YOUR OBJECTIVE: The copy must match the data below line for line and contain no images.

SUPPLIED MATERIAL:

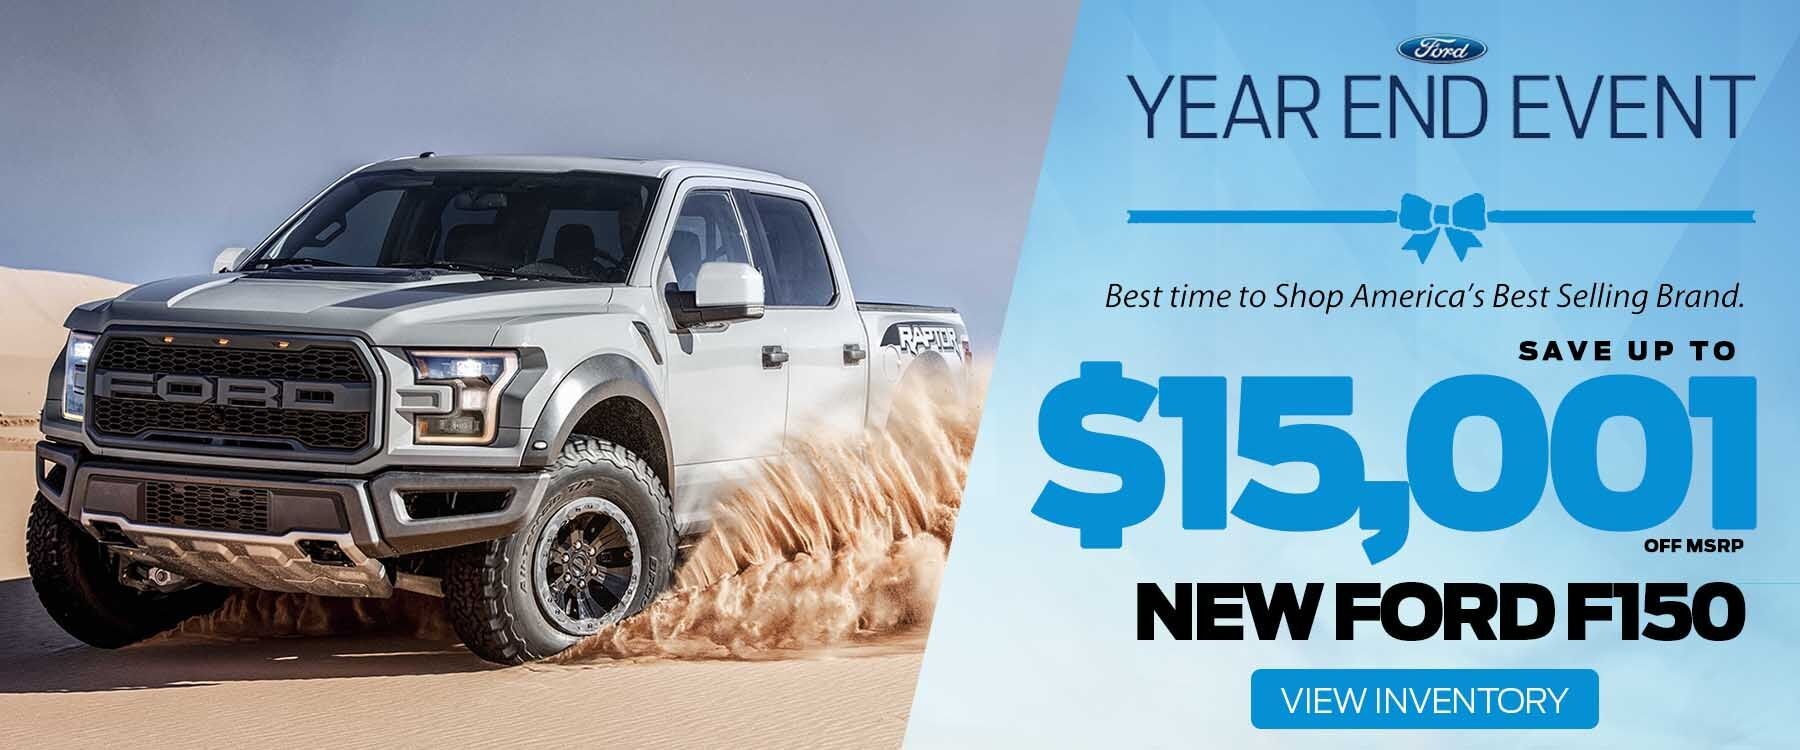 Syncmyride Ford Escape 2014 - takvim kalender HD
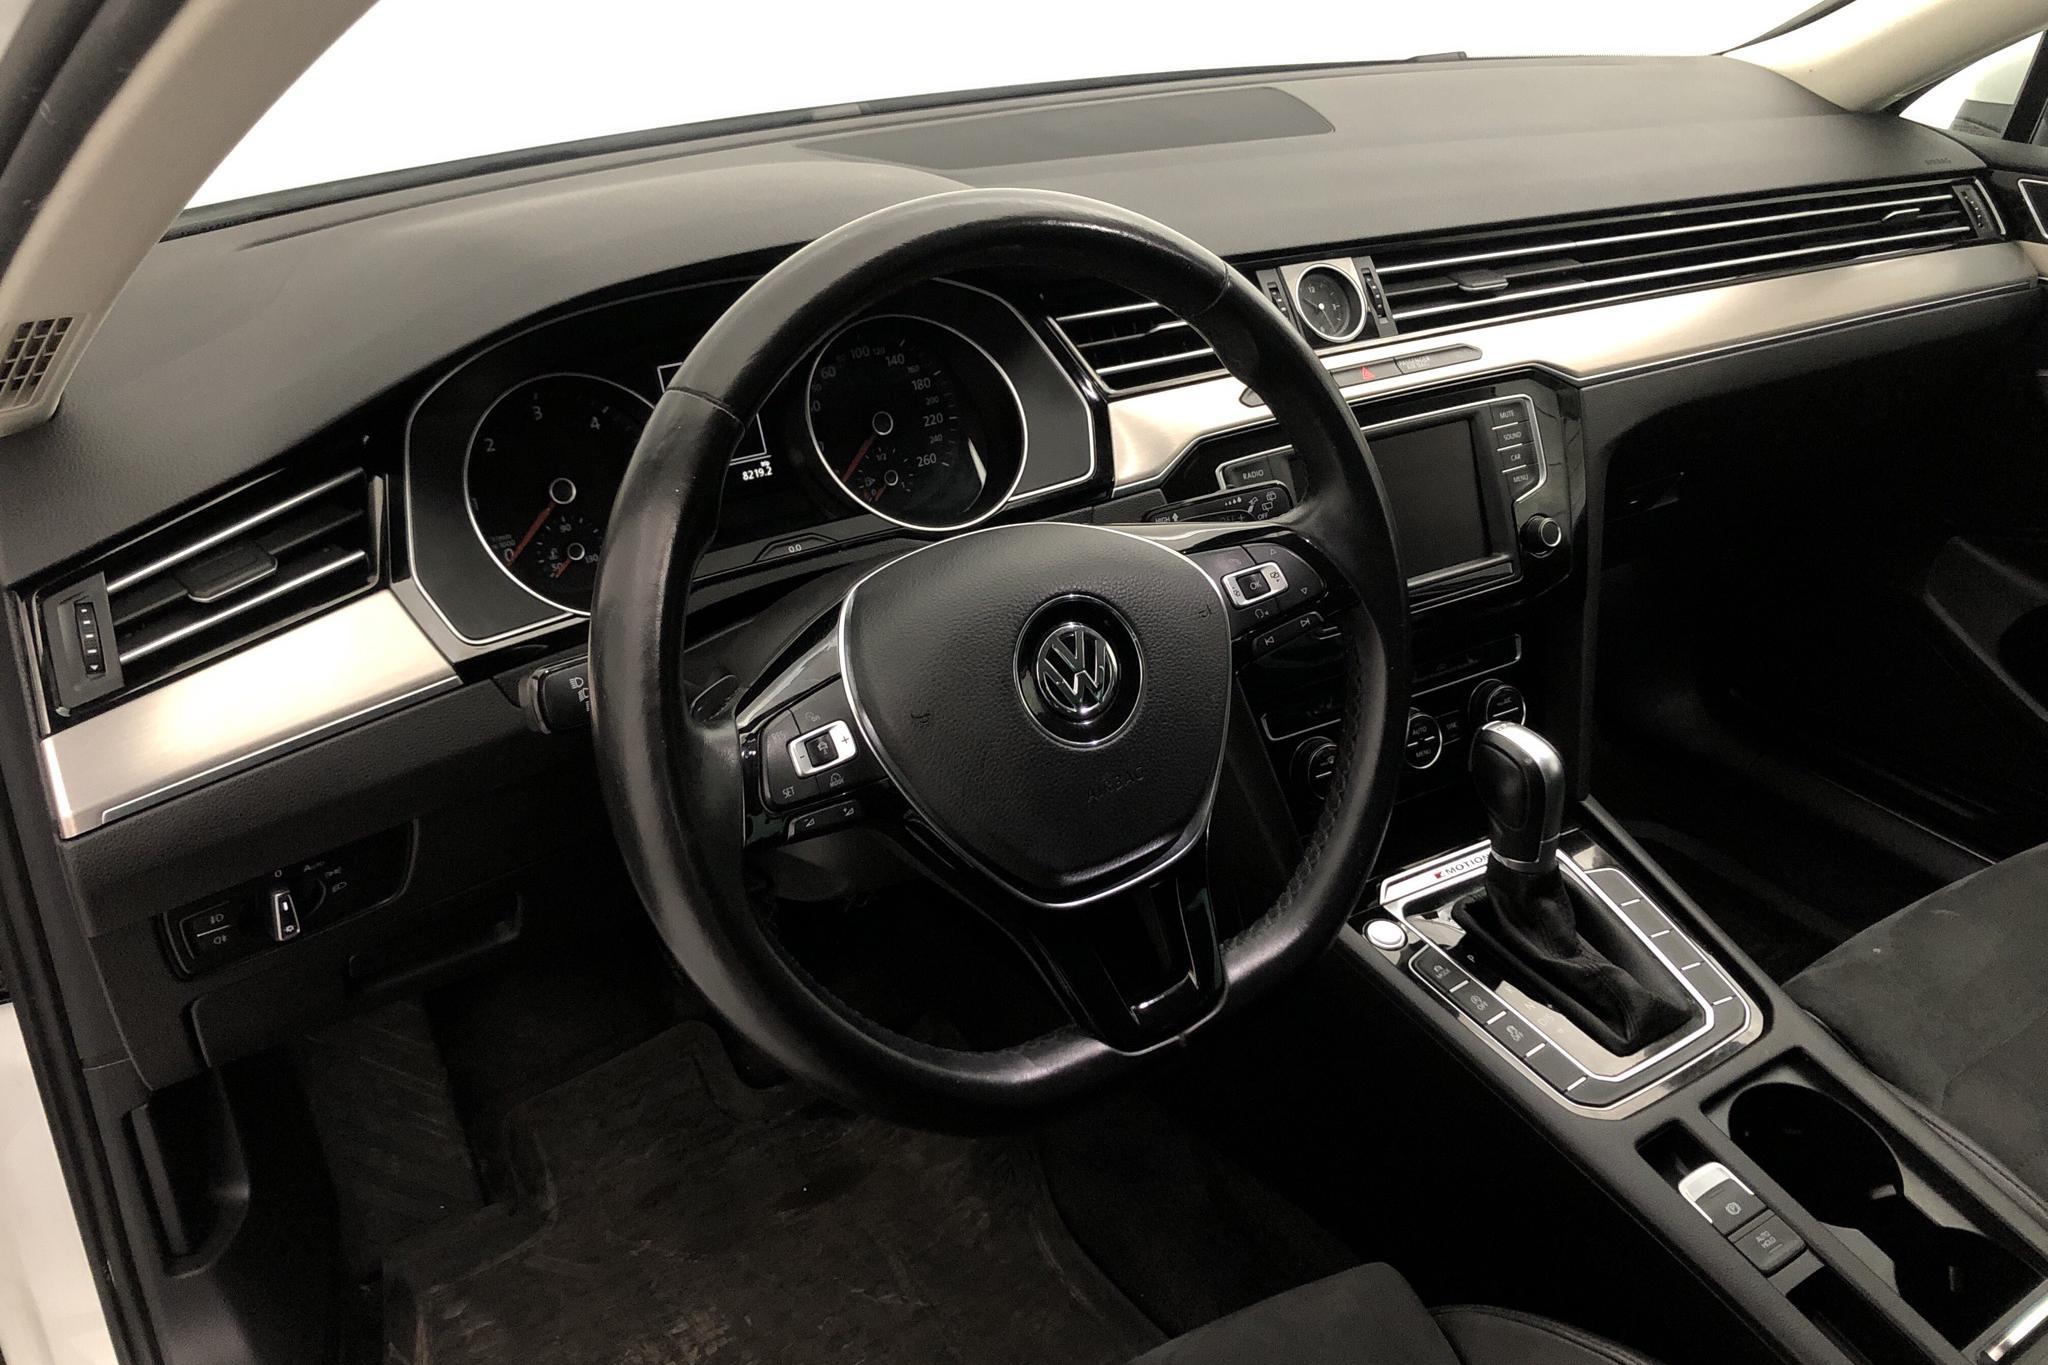 VW Passat 2.0 TDI Sportscombi 4MOTION (190hk) - 121 370 km - Automatic - white - 2016
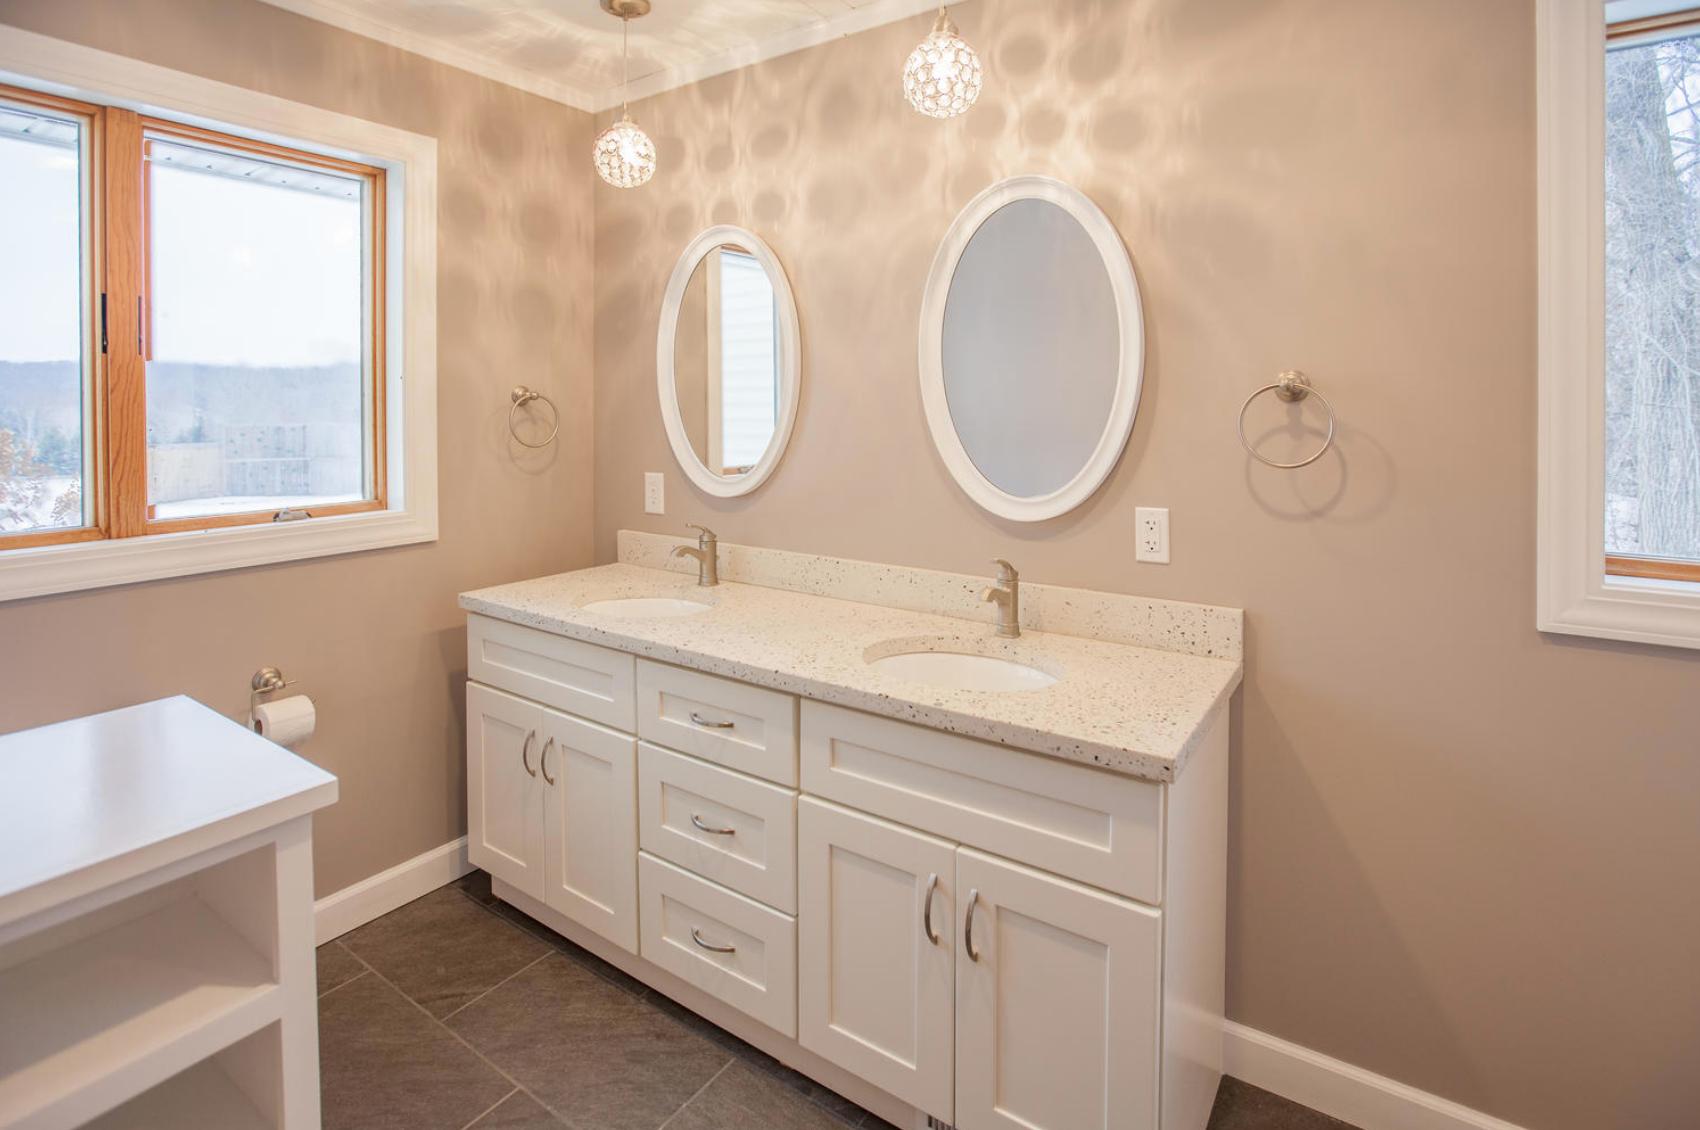 Concrete vanity with under mount sinks

EXPECTED ANSWER:
 Syncmyride Ford Escape 2014 - takvim kalender HD
 VW Passat 2.0 TDI Sportscombi 4MOTION (190hk) - 121 370 km - Automatic - white - 2016
 Concrete vanity with under mount sinks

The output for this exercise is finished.